第102話 運命への一歩
皇宮の北側には、広大な広場がある。普段は何もないただの広場なのだが、皇帝による閲兵式ともなると、ブランシャール軍の兵で埋め尽くされる。
今、まさに広場は、将兵で溢れ返っていた。ルメール侵攻軍である。
昨年、7万人の兵を擁してルメールへ侵攻したが、ただ一人のために敗北して逃げ帰ってきた。その雪辱戦でもある。
総勢約10万人。ズラリと並んだその中に無論リオネル軍もいる。皇族の一員であるシルヴィアは、中央に設けられた壇上に立つ皇帝グレゴワールの脇に控えていた。夫たるリオネルと義妹たるアニェスの間に挟まれている。
新年の朝賀の儀で倒れるという前科のあるシルヴィアである。兄妹で支えるという意味もあるのだろう。
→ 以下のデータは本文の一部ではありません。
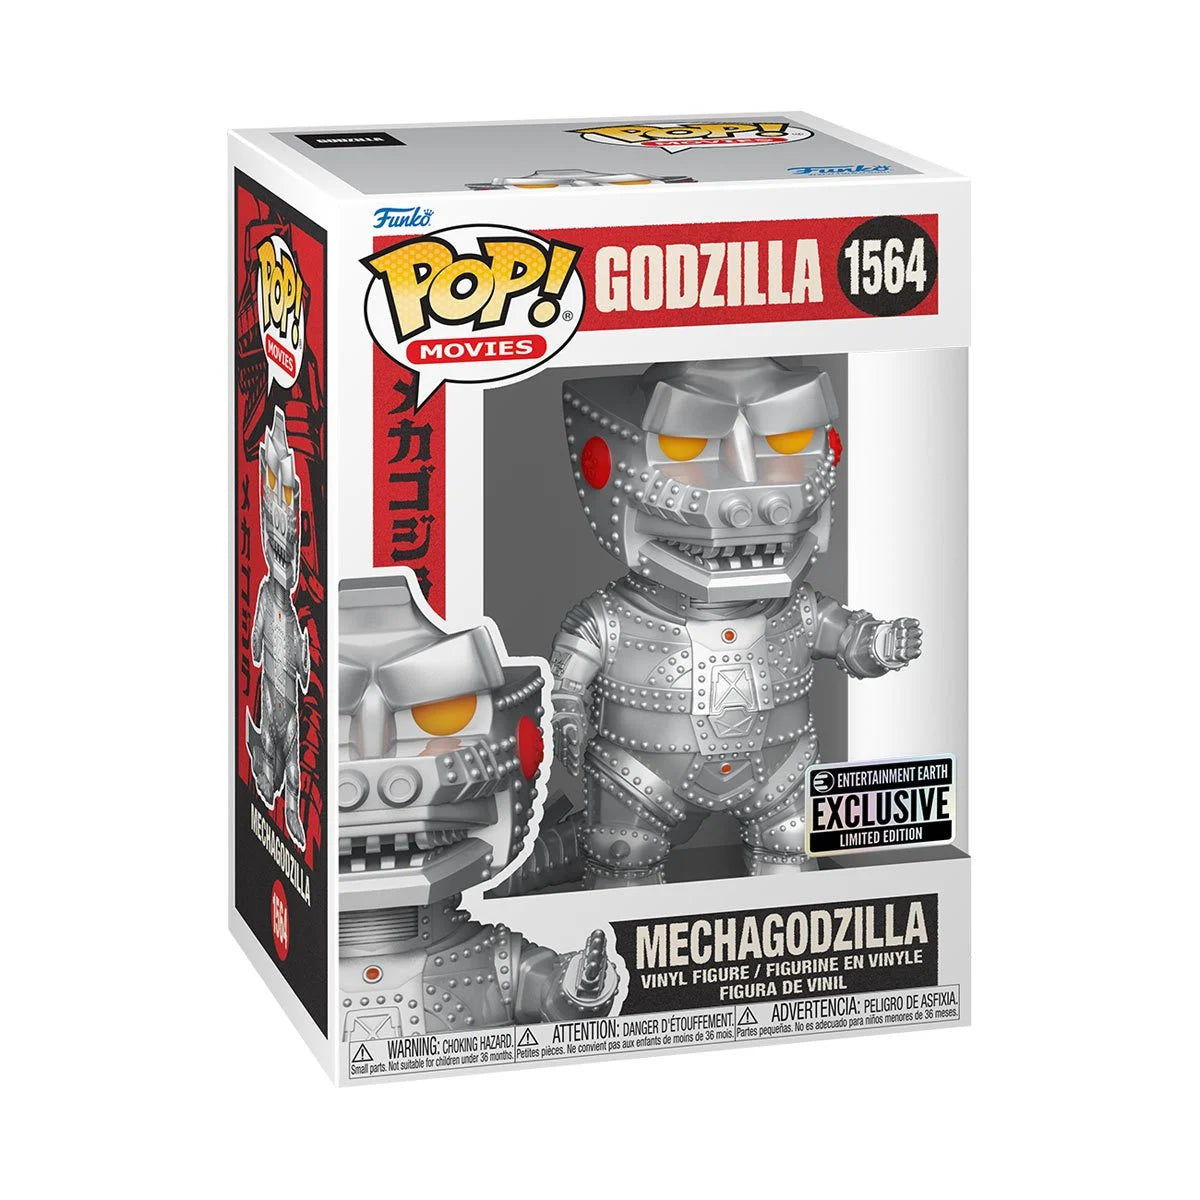 Godzilla Mechagodzilla Funko Pop! Vinyl Figure #1564 - Entertainment Earth Exclusive Funko

(あのときは、不意打ちを喰らったから、倒れただけなのに)
か弱い王女さま扱いに、内心、少々不満のシルヴィアではある。しかし、リオネルたちの心配もむべなるかなで、晴れの出陣式で倒れられでもしたら、それこそ不吉だしグレゴワールの怒りを買うこと間違いなしだ。何が何でも立たせておくつもりなのだろう。
ここにいる皇族は、アニェスも含めて全員軍装だった。朝賀の儀の際には謹慎中で参加していなかったジルベールの青い軍服姿を初めて見た。
その皇族の中の一人、ガブリエルをチラッと見た。シルヴィアたちからは皇帝を挟んで反対側に並んでいる。純白の軍装が目にも鮮やかである。
(白マントの男がガブリエルさまだったなんて…)
3年後の未来、悪魔と化したリオネルに寄り添っていた男。それがガブリエルだと気づいたとたん、目が回り倒れてしまったのだ。
しかし、今日は最初から構えていたので、ガブリエルの軍装を見ても、体調には何の異変も起こらなかった。
出陣式は、極めて簡素だった。グレゴワールが、兵を鼓舞する演説をして終わりである。直ちに出発となった。
ラファエルを先頭に、続々と兵が進むさまは壮観であった。ラファエルの次がジルベール、真ん中がグレゴワール、続いてガブリエル、最後尾がリオネルだった。
「……普通、旦那さまがガブリエルさまの前じゃないの?」
リオネルの横でフランベルジュにまたがったシルヴィアがむくれる。
「順番なんて、どうでもいいだろ」
どこまでもおおらかなリオネルである。
「私たちの軍が最も数が少ないし、仕方ありませんよ、お義姉さま」
「アニェスさままで…。お二人は、気にしなさ過ぎです」
リオネル軍は、総勢七千である。結局、志願兵が二千集まったとはいえ、各軍は二万。グレゴワールにいたっては三万。明らかに見劣りする。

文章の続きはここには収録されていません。